From this, 57 people were caught with cannabis, methamphetamine, such as ice, and prescription drugs such as opioids.
This amounts to nearly a tenfold increase in drug seizures and a potential rise in the use of ice when compared with a 2011 Australian National Council on Drugs report.
According to the report, 595 dog searches in 2009 only turned up drugs on six occasions and none included ice.
The incidence of illicit substance use inside Tasmanian prisons has led to the setting up of a special Drug Strategy Unit.
The Justice Department refused to state whether those caught with drugs were inmates or visitors and exactly how the contraband was being smuggled in, saying that might tip off crooks.
However, court proceedings have revealed what lengths people will go to in order to smuggle drugs into jail.
Last year a woman was caught taking drugs into Risdon Prison internally.
Police located two balloons inside the woman containing cannabis, speed, ice, opioids, five ecstasy pills and syringes.
The woman told police that she was delivering drugs to her inmate boyfriend and had smuggled several packages into the jail before getting caught.
The prison drug trade is hardly surprising.
According to the ANCD report, more than 60 per cent of Tasmanian inmates said their offending was drug or alcohol-related, while 28 per cent reported a history of injecting drugs.

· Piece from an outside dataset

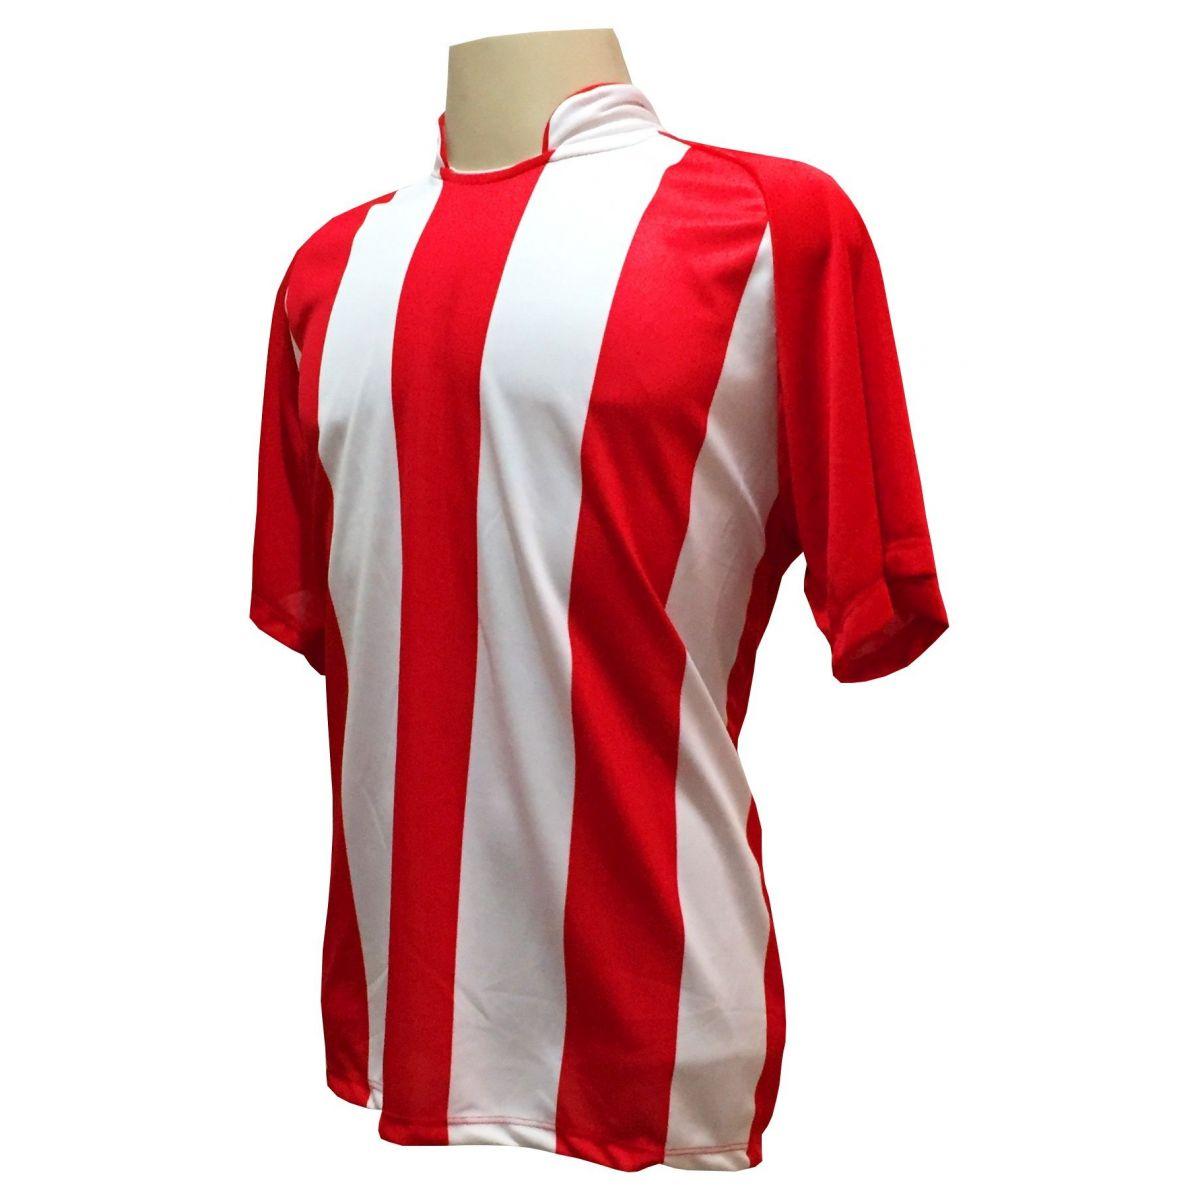 Uniforme Completo modelo Milan 18+2 (18 Camisas Vermelho/Branco + 18 Calções Madrid Royal + 18 Pares de Meiões Brancos + 2 Conjuntos de Goleiro) + Brindes

‘‘(The ANCD) has consistently reported that we have an issue in all prisons ... of illicit drugs getting into the prison,’’ said Jann Smith, chief executive of the Alcohol, Tobacco and Other Drugs Council of Tasmania.
‘‘We know the drugs are in there so we need to increase and enhance the treatment that’s available.’’
Ms Smith said there were rehabilitation programs in jail but they had limited resources.
She said a needle exchange in prison would exist in an ‘‘ideal world’’ but issues such as the safety of prison guards made it a complex matter.
‘‘We know that people in prison are injecting drugs and we also know that if they share equipment or use damaged equipment they have high rates of hepatitis, and we also know damage to veins … all those sort of things … are magnified,’’ she said.
‘‘Just because it’s complicated doesn’t mean we shouldn’t try and find a solution.’’
The department quashed talk of a needle program, stating that no other prison in Australia has one.
‘‘While drugs in prison are a reality, the Tasmania Prison Service manages the issue effectively,’’ a spokeswoman said.
The Tasmanian Greens are the only party that supports a prison needle program, but former Greens leader Nick McKim failed to implement one while corrections minister in the former government.
Mr McKim said the drugs in jail should be treated like they were on the outside with a ‘‘combination of supply reduction, demand reduction and harm minimisation’’.